Keywords: Environmental water crisis, fog water collection, art & science collaboration, Karen Barad’s agential realism, ethical response-ability

Water is the essence of life on our planet and yet, due to climate change and multinational politics of profit, water and access to clean drinkable water are diminishing on an unprecedented scale. The art&science Mist Collector project addresses water shortage by looking at a new paradigm of collecting water from fog. In my presentation I will use Karen Barad’s theory of ‘agential realism’ that inspired by quantum theory, considers ‘matter’ as an active agent that dissolves boundaries of dualistic thinking (matter/mind, animate/non-animate, human/non-human, sentient/non-sentient), to demonstrate how through art and science “intra-action” – which means onto-epistemological inseparability, we can bring forward imaginative solutions and produce poetic messages that are able to create a more acute awareness of the global water situation. I consider our research as a platform of “dynamic relationality”, in which the public is invited to enact an “ethical response-ability” by engaging with the artworks’ space, time and matter processes.
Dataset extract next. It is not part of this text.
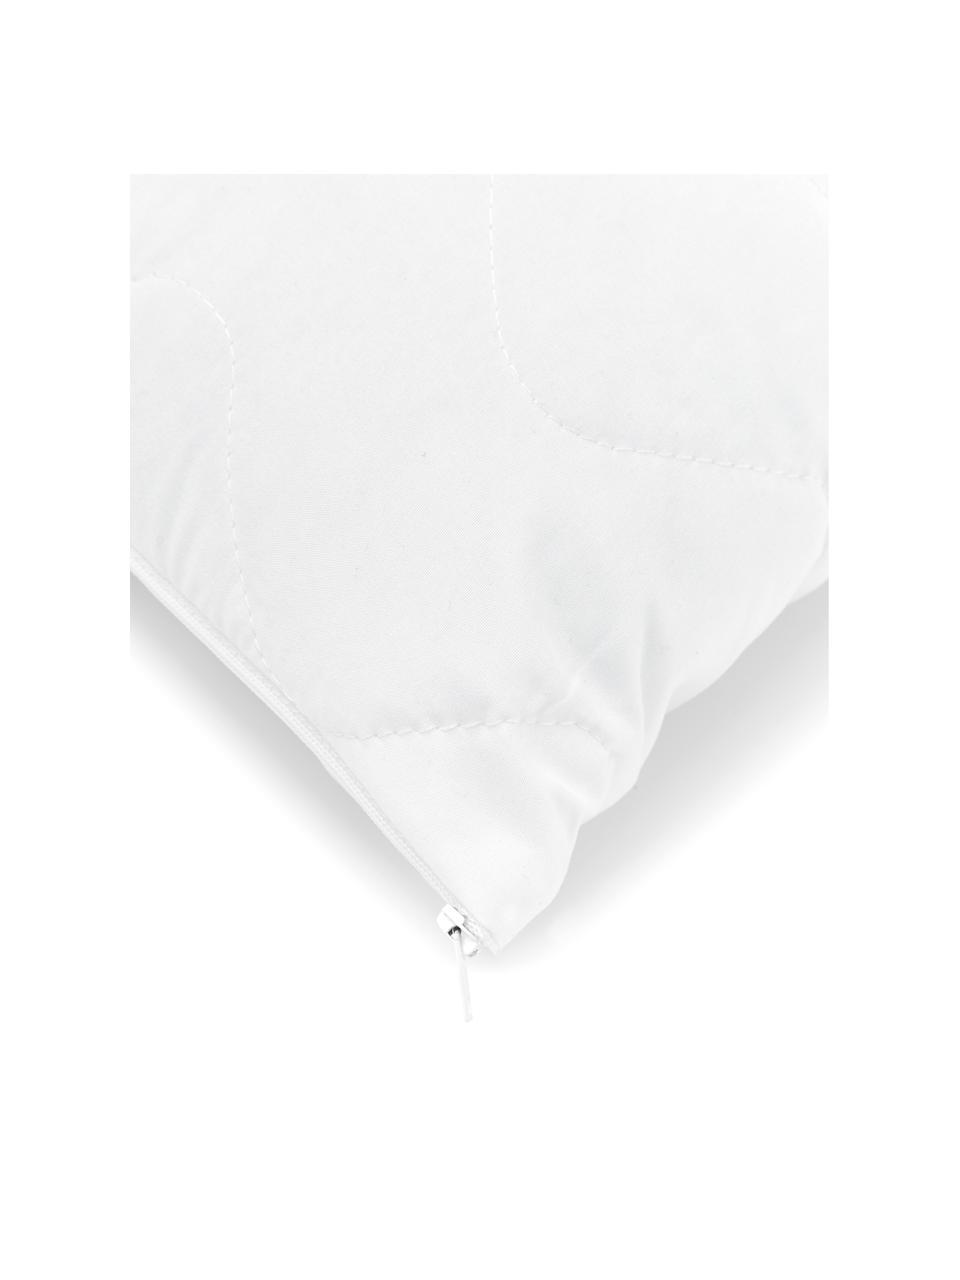 Garnissage de coussin en microfibre Premium Sia, 45x45, Blanc

Mist Collector, by bringing ‘humanity’ to the scale of a single drop of water and by embarking the visitor aboard an Earth sized vessel sailing in the fog, states the necessity for all sentience – human and “inhuman” (outside the binary of human/non-human) to start building a shared narrative, an uncertain shadow of an ever failing ecosophic Future/Present/Past that may still be shaped and imagined together.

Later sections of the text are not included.